Endeavoring to lead a room full of people who she felt “didn’t want me to be the teacher,” Ewald —projecting or not—humbly remembers struggling to just keep the train on the tracks. Confident in her knowledge and experience as an instructor, her anxiety took full control: “I fell again and again and again. And it felt terrible.”

On a physical level, she equated the sensation that brewed after each time slot with being “stabbed in the gut,” and the personnel “breakup” had started spilling over into every aspect of her life.

“I literally had to stop the class once,” she admits, recalling a specific instance from last year. “I was just like ‘Okay look: This is my humanity.’”

Immediately after the incident, a really mean Yelp review mentioning the prowess of her former colleague was posted, sending Ewald’s ego, and concern for her newish business, through the wringer.

“Some people never came back again—that, I know. Did I become better because of that? Yes.”

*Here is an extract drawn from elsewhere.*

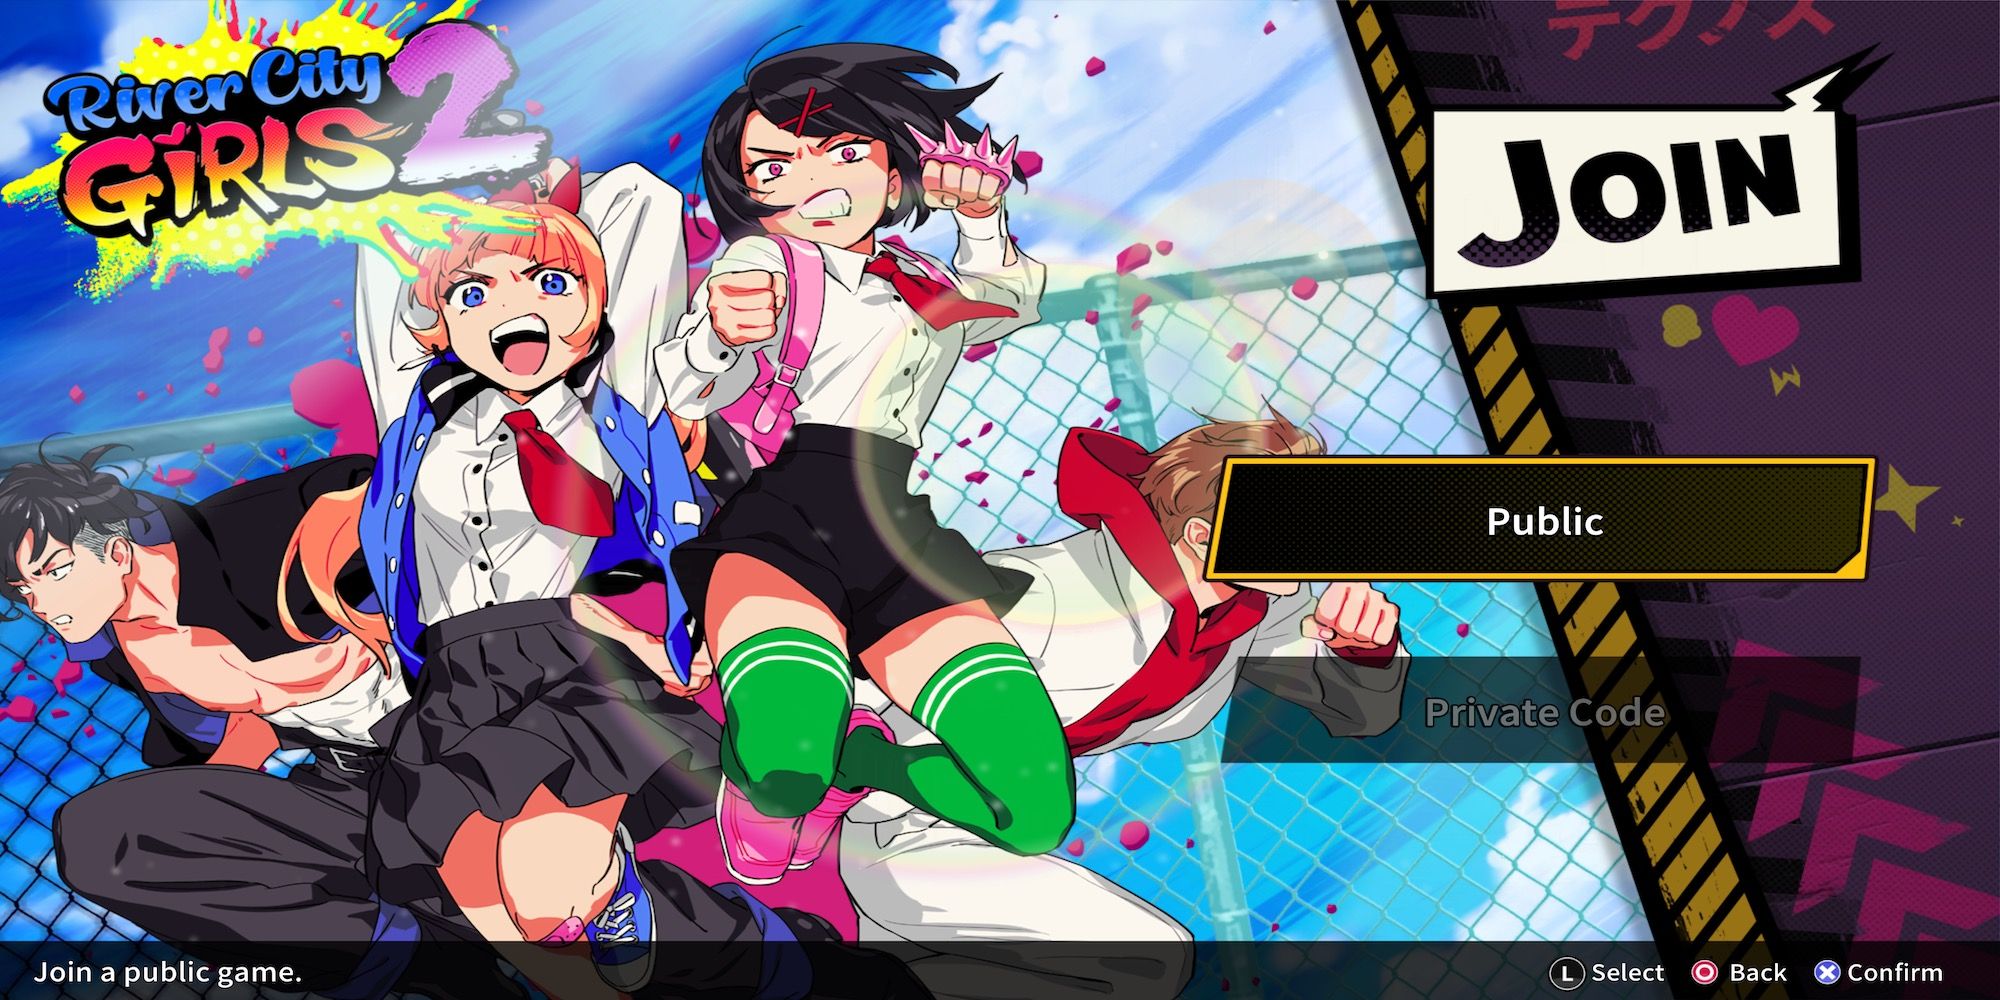 The multiplayer screen in River City Girls 2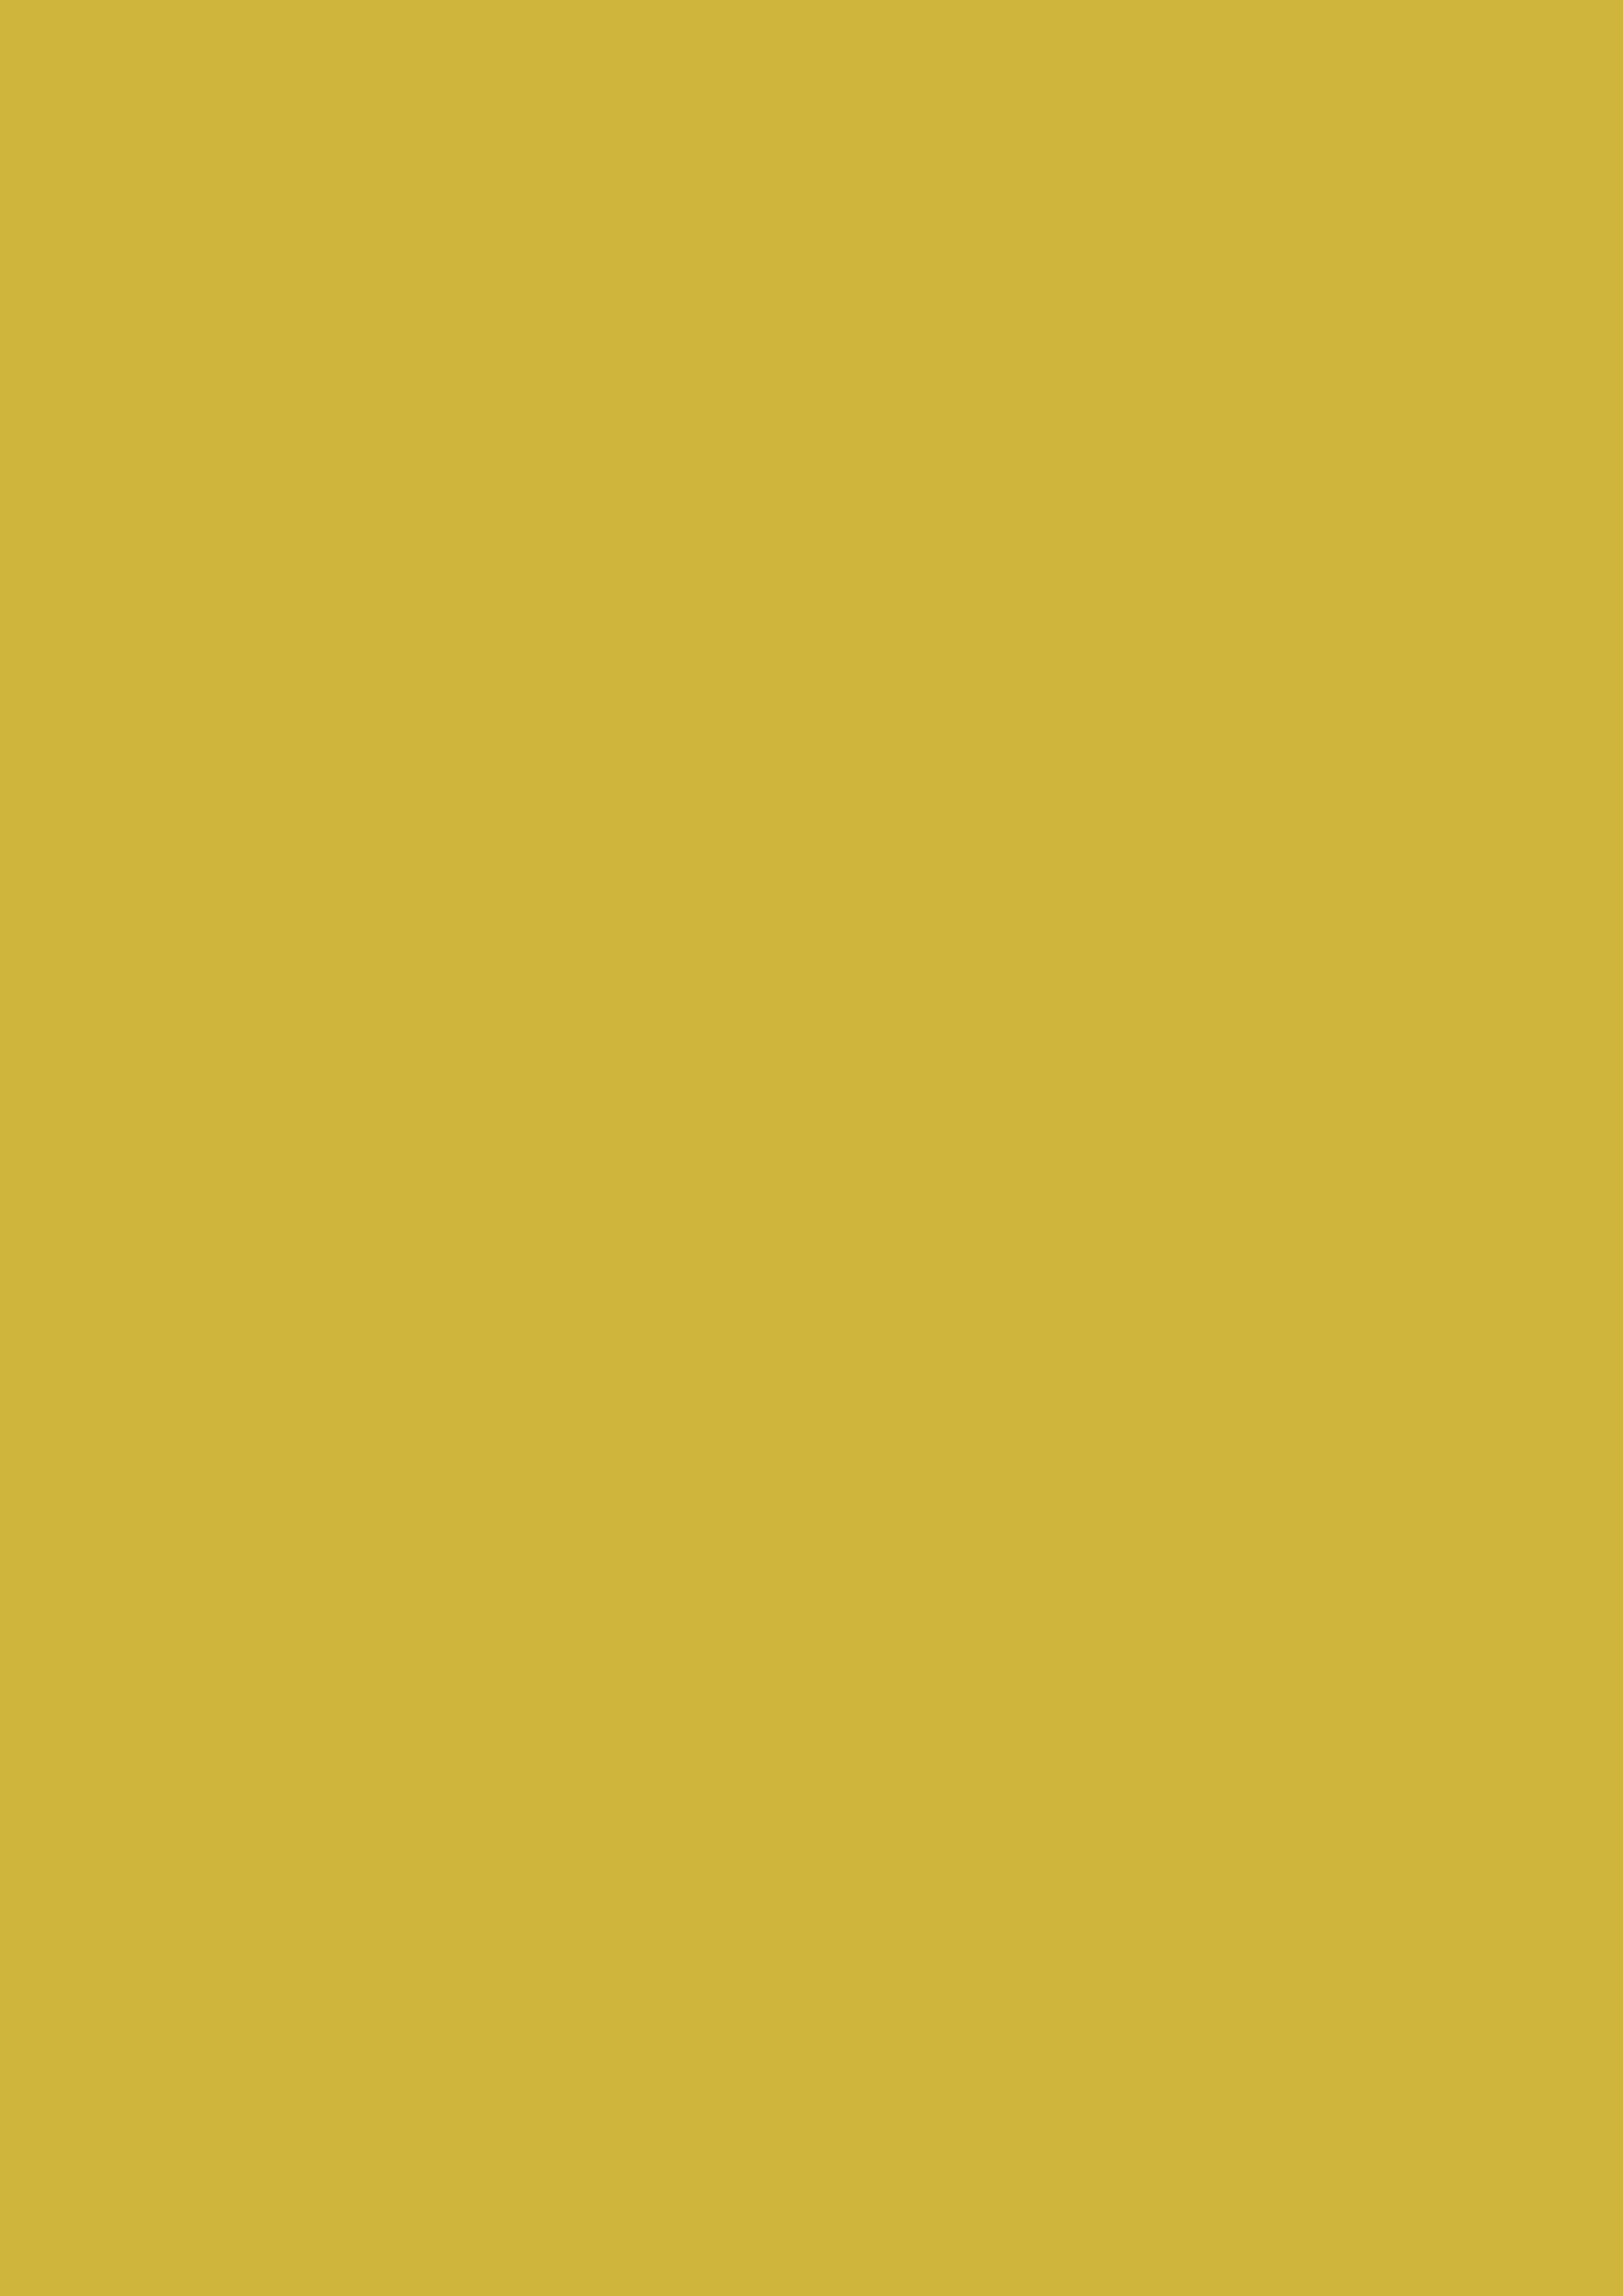 2480x3508 Old Gold Solid Color Background

Like Ewald’s takeaway from her feelings of inadequacy, continuous teaching hiccups allow me to examine and address my own public speaking triggers. And after reading more about the evolutionary implications of performance anxiety, it’s no surprise that just the idea of having a studio owner attend and assess my class last month unearthed dread-ridden feelings I thought I’d outgrown.

“It’s not yoga perfect, it’s yoga practice,” said Ewald, reminding teachers who struggle with communication in their classes that accepting our bloopers is vital to the lifelong education that the practice, and teaching of it, bestows. Making a mistake does not devalue our existence. It should only inspire you to work harder.